Friday 17 February 2012

Flight

I hate flying. I'm the type of packer that wants to pack everything you may possibly need on a trip so that you won't have to buy it when you get there. Flying doesn't accommodate this mentality. I've parred down my liquids to 3 3oz. or less bottles in a small plastic baggy. I've diminished clothing options to what I think is the absolute minimum. And yet, with today's flying fees for checked baggage, I still can't think of how NOT to have to check a bag. You can have 1 personal carry-on (purse, back pack, laptop bag...) and 1 additional carry-on (suitcase presumably). And the fact that I haven't even packed myself yet because I'm trying to figure out how to pack 2 people in a backpack and a small suitcase is literally keeping me from sleeping. To top of the cake, Judah is coming down with something, and flying gives no wiggle room to stay an extra day to try and get into the doctor's office. I leave at 5:30pm... or I lose out on how ever much it was that I paid for my ticket.

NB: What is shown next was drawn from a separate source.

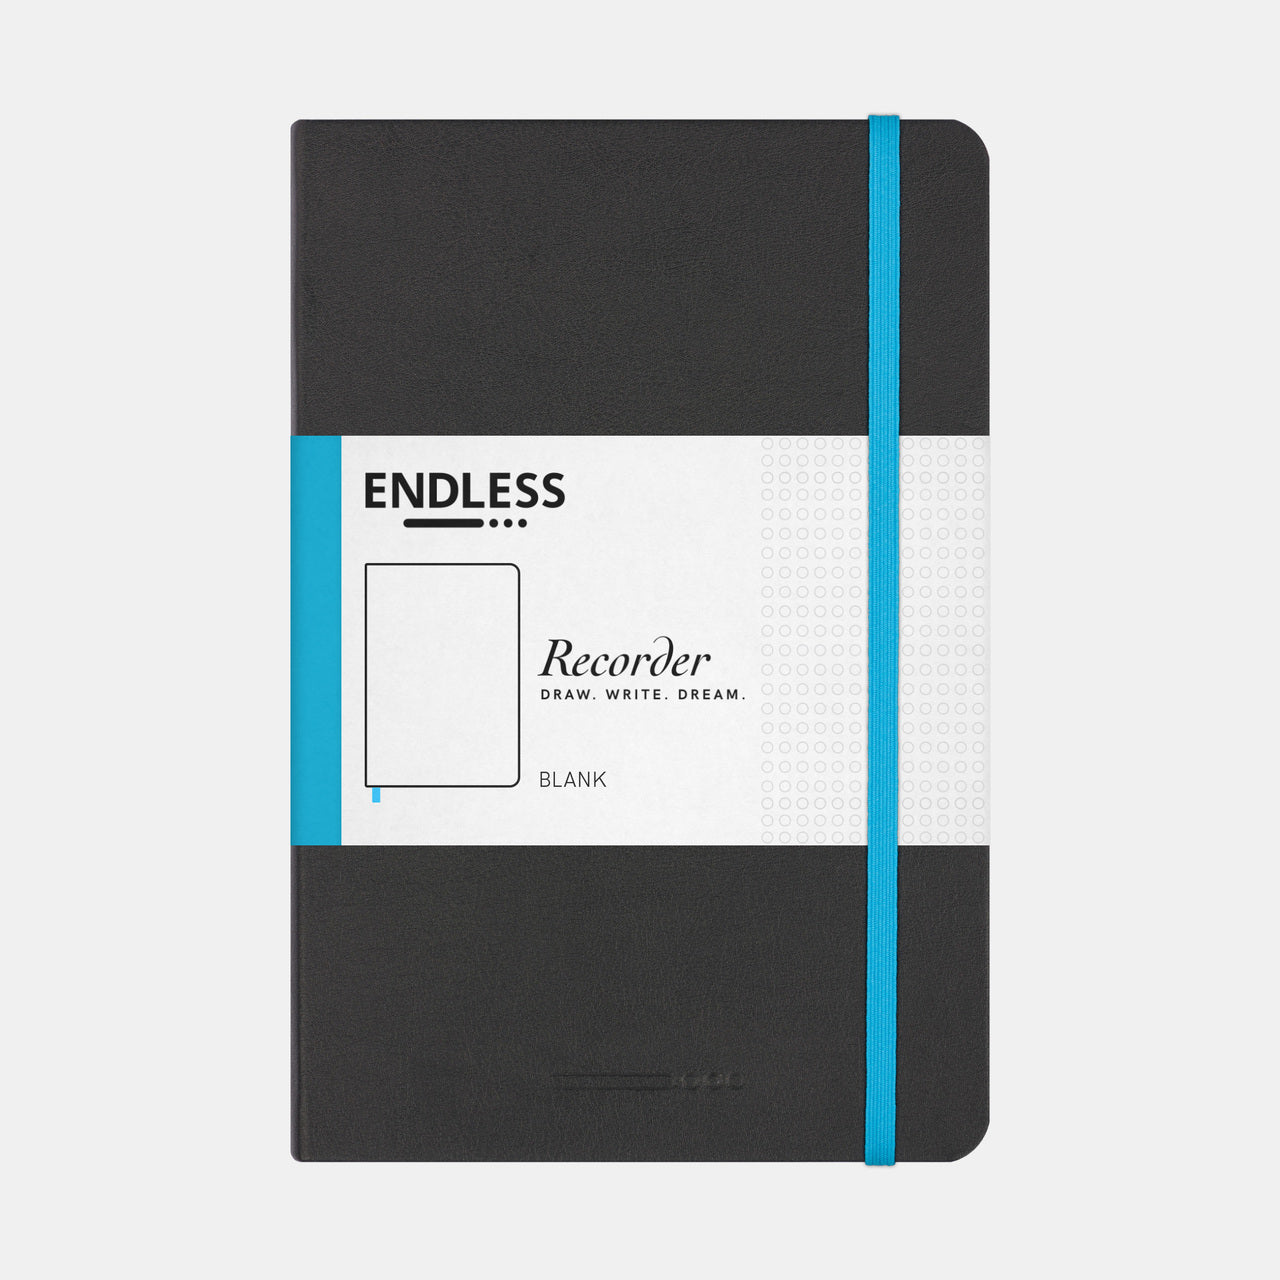 The Endless Recorder is available in four colors, and 4 paper styles.

In other words, I'm tired, discouraged, and disgruntled. The Psalmist talks of similar woes in Psalm 42. Granted, he's cast down because his enemies are taunting him in his affliction and saying that there isn't a God. I'm discouraged and truly pouting because I can't figure out how to pack. Perspective is good for me. But the Psalmist's words call out to me none the less. "Why are you cast down, O my soul, and why are you in turmoil within me? Hope in God; for I shall again praise him, my salvation and my God" (Psalm 42:11) How quickly I can lose that hope that is so freely given in the gospel. How quickly I can turn to despair when things don't go as planned. Thank you Lord for being my salvation, my refuge, my God even though I am so quick to turn my back on You.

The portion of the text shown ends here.